Looks like the scraper is throwing the error when and image has a space and the first character of the source. Which apparently is a common mistake amazon.com makes

I can give you the full trace if that would help but it seems pretty straight forward. I played with a few lines trying to get it to just ignore the image if the first character was blank to no avail. (still new to rails.) Let me know what other information I can get you to help out.

johnmcaliley commented 12 years ago

Sorry for the delay. I didn't get the issue notification for some reason. I just pushed a new version of the gem that strips the whitespace from the img src. I added a test that included the amazon img tag you provided here and it is passing, so this should work for you. I am trying to figure out if I should just ignore all bad URLs that are collected and issue a warning message. what do you think?

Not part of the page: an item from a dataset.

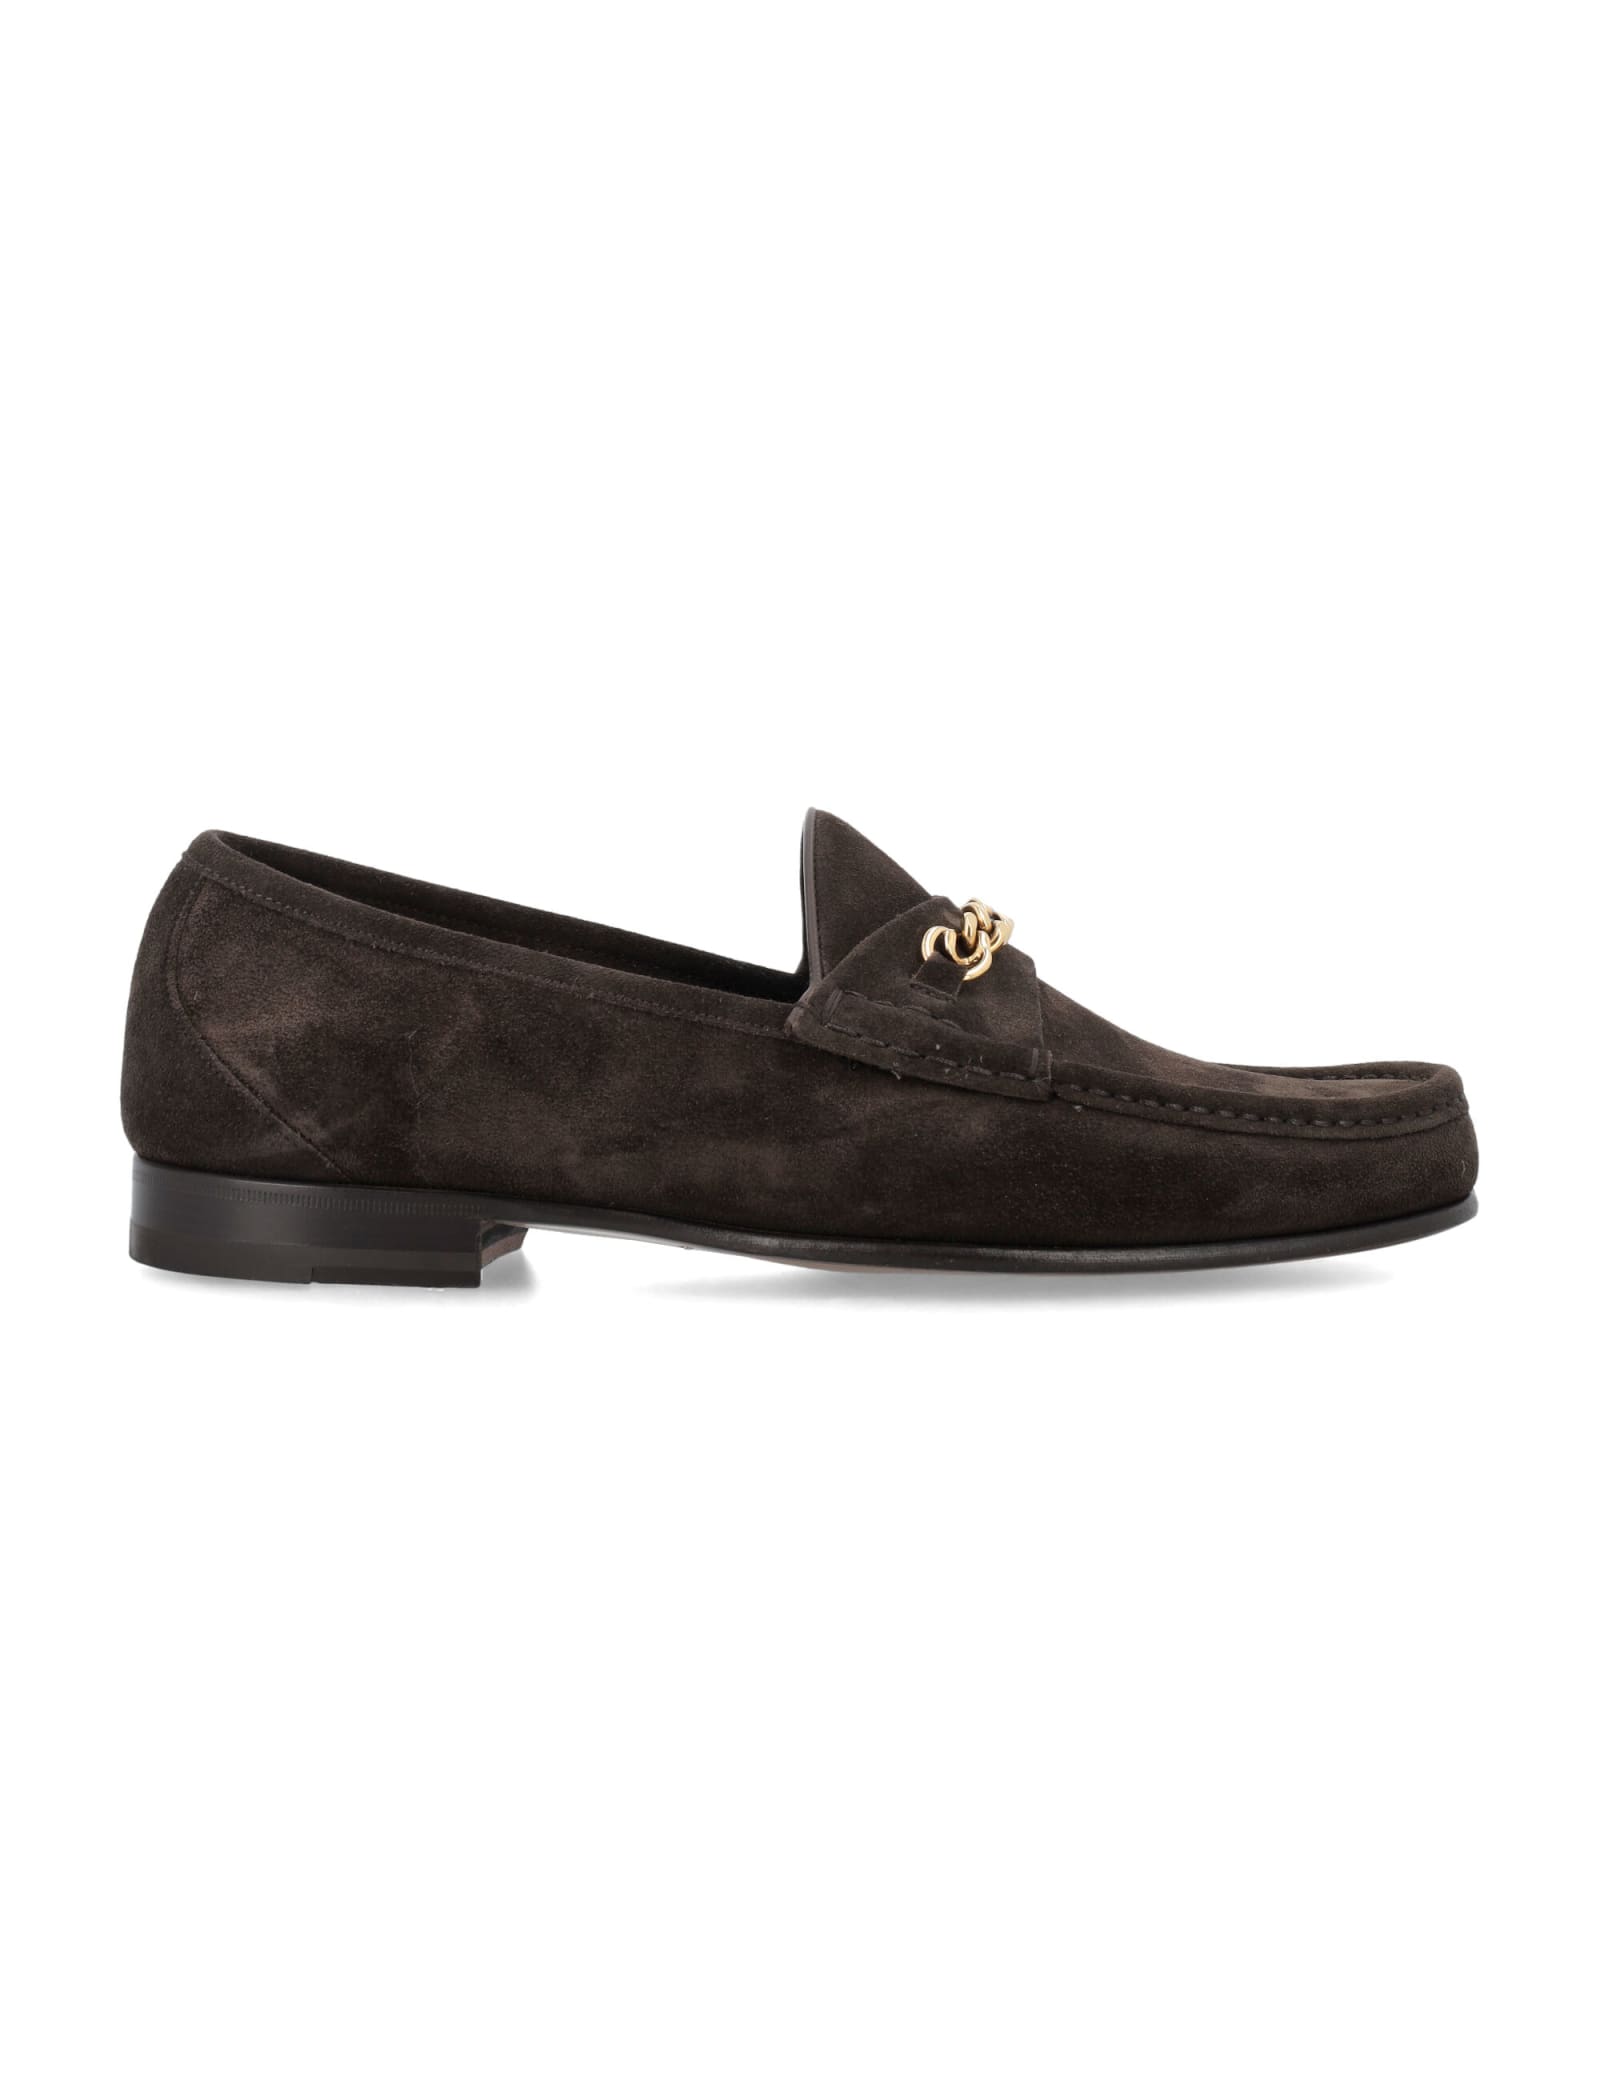 TOM FORD NEW YORK CHAIN LOAFER

jonathansimmons commented 12 years ago

Hey John, Sorry for the delay. I update the gem and it appears to be looking great.

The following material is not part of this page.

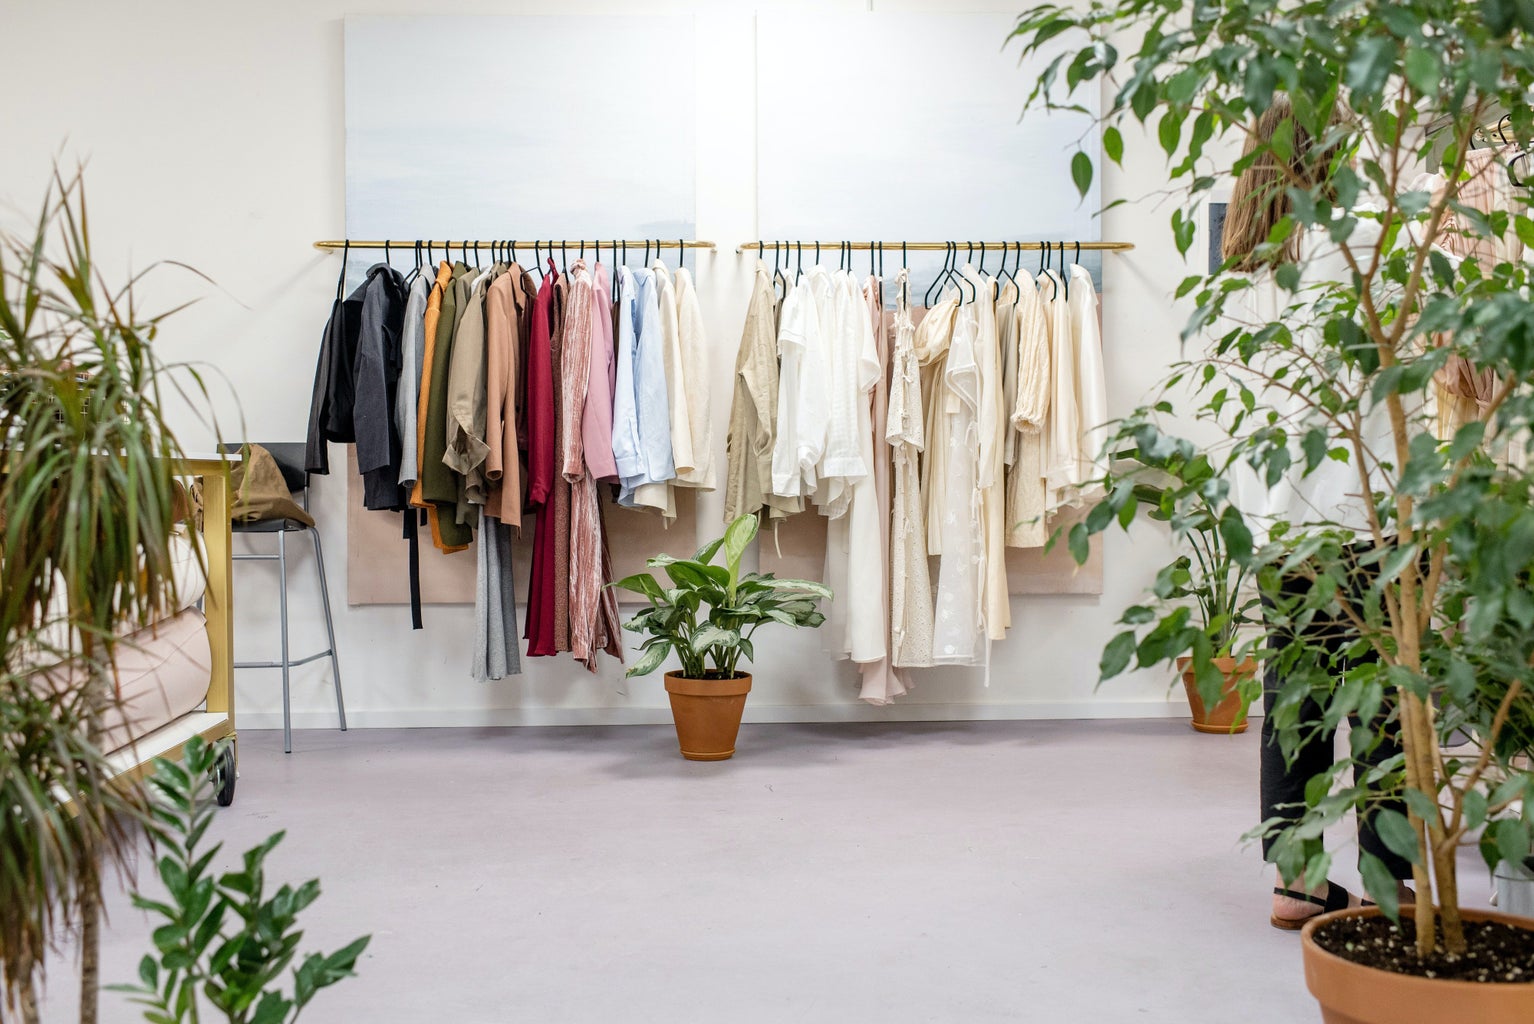 Clothing hangs on a rack with plants on the sides.

To answer your question: In my case, if the image is bad (no url, space or any number of errors) I am fine to just ignore it. From what I've seen any bad images tend to be secondary images on the page and not the image of a product or something I'm really trying to capture.

I think skipping bad images and giving a warning would be a great idea. From a programming standpoint it could be a crazy mess to continue to try fix bugs like the last two on one off basis given the infinite number of ways html devs could screw up an img tag.

My biggest thought and this may be obvious is that I would want it to either a just skip them altogether or skip a provide a warning IF we can allow our apps to move on past the warning. Maybe we can even develop against the warnings. (if images.bad_urls "Sorry, some images couldn't be used")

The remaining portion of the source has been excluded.